The Thrills

Much has been written about just how kooky it is that The Thrills, five lads from Dublin, have made the beginnings of a career by playing music steeped in the California sound of the 1960s. That’s four decades and a lot of geography between them.

But singer Conor Deasy doesn’t quite see it that way.

“It just sort of happened by accident, really,” he told Pollstar from Portland, one of the last stops on the band’s second tour of the States. “We just started listening to lots of records that we hadn’t paid too much attention to before. I wasn’t even really aware that they were particularly American records. I thought we were just listening to great songwriters, you know what I mean?

“And of course, a lot of the great songwriters from that time were American. Often, when you’re that close to music, you have a serious lack of perspective. You have no sense of objectivity about it.

“I know there is an American sound there, but it’s strange how oblivious we were to it because we were in the middle of it. It’s still only our first record though; we want to be one of those bands that is progressing and moving forward and not making the same sound over and over again,” Deasy said.

The Thrills’ affair with California began years ago when the band members (Deasy, guitarist Daniel Ryan, drummer Ben Carrigan, keyboardist Kevin Horan and guitarist Padraic McMahon) all packed up to live in a one-bedroom flat in San Diego for a few months. There, they wrote the songs that would make up much of their debut, So Much For The City.

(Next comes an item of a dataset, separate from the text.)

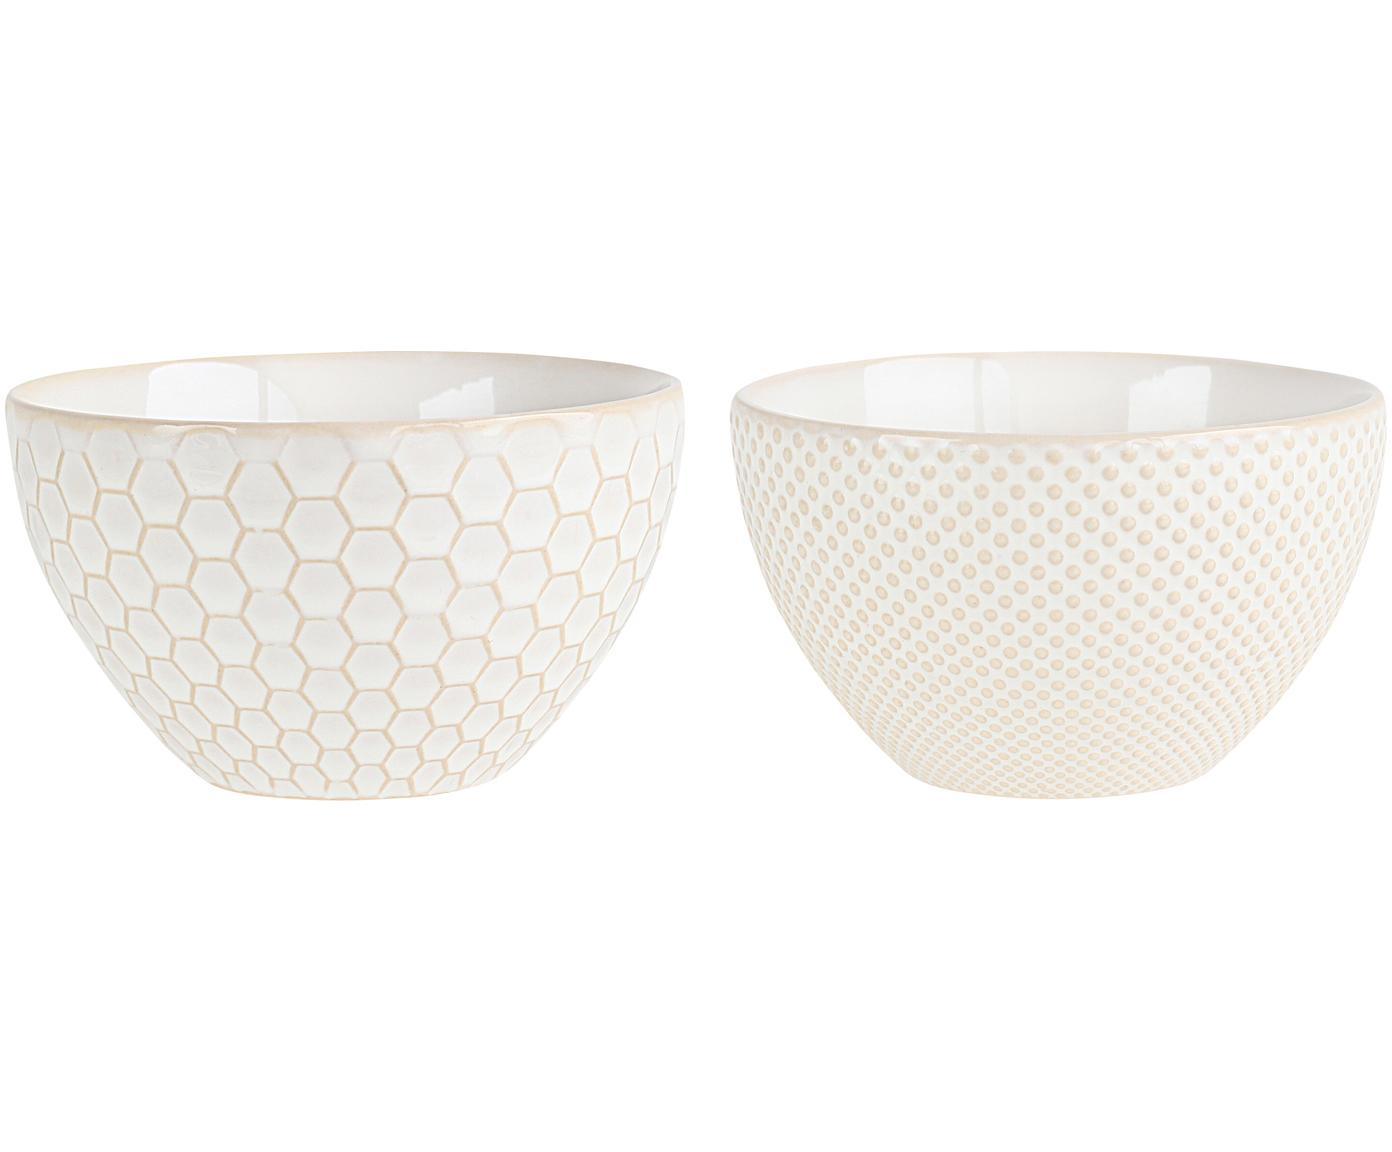 Set ciotole Linna 4 pz, Ceramica, Bianco spezzato, beige, Ø 13 x Alt. 7 cm

Perhaps it was the sea air, but the results were an awful lot like the Beach Boys and the Byrds, and packed with references to West Coast locations like Big Sur, Santa Cruz, San Francisco and Las Vegas.

When it came time to record, they landed back in Cali, this time in Hollywood, about a year and a half ago. They took the songs back home and Dublin friends passed the disc over to an unlikely admirer, Morrissey. He invited the quintet to open for his comeback special at Royal Albert Hall. The time since has been filled with accolades for The Thrills’ recorded work and live shows.

The Thrills

The album was released in America on Virgin Records last fall and the band is hitting the territory hard, learning the peculiarities of touring in the States, like playing acoustic sets at radio stations to promote gigs – which is where they were headed when Pollstar talked to them.

“It’s something we do more in America than we do at home,” Deasy said. “I don’t mind it. Sometimes you turn up at radio stations and they have no equipment to do anything but, if they’re well used to it, we usually have a good room and a good mic, so it’s all right.”

Both past U.S. tours have been short ones, Deasy said, finishing up at around the two- and-a-half-week mark. The singer said most of the dates so far have been in 500-capacity rooms.

“But the cool thing is that we’re selling them out. There’s probably places where we could have stretched it out even more. In New York, it was more like 600 to 650 and then in San Francisco, it was over 700,” he said, adding that the band would rather play smaller rooms that are packed than overshoot. The next tour, scheduled for March, will be the first full-length outing, hitting the country from coast to coast for nearly six weeks and coinciding with this year’s unbelievably packed Coachella Music & Arts Festival. Besides the Pixies, Radiohead, Kraftwerk, Flaming Lips, etc. will be gracing the stage. “Every year, we’ve always seen Coachella covered and reviewed in the magazines back home and pictures of the backdrop in the middle of the desert,” Deasy said. “And the lineup is in impeccably good taste. There’s never any moronic Linkin Park-type nu-metal frat boy idiots, just proper bands. It’s always a good feeling of what’s going on that year, so it’s something we’ve been looking forward to doing for a while.”

Dave Kaplan from The Agency Group is behind the tour plans in the States, which is good news for the band considering it’s always had an eye on establishing a fan base here. Kaplan got to know the band through Russell Warby at The Agency’s London office. Both agents share a propensity for independent-minded bands, including several of the same clients. (“For lack of a better term, we just have good taste in music,” Kaplan said.) The record label, according to Kaplan, is looking for a follow-up to the debut, which came out last summer in Europe. That may hinder some tour plans, but he expects The Thrills to be back at least three more times before the end of the year. Some of those dates will be headline, some will be support slots or part of a package. “Their success in the U.K. was pretty instantaneous, but they know America is a much larger and different animal, and they’re willing to go out there and do they work,” Kaplan told Pollstar. “They like to tour and they like to play live, and they love America. Just listen to the record.” “I feel like we’re a stronger band coming out here because when [the album] came out at home, we hadn’t played that many gigs, really,” Deasy said. “We hadn’t toured, anyway. I feel that we’re a much better band playing the songs here. I like that we can, do lots of touring here. “A lot of times, bands from home just kind of casually drop the record here and do a couple of shows and just go home. America has always been important to us.” In case the reader is wondering, the band took its name from the legacy of two California icons who have recently found themselves in serious legal trouble – Michael Jackson and his Thriller album and Phil Spector’s string of The “blanks” bands.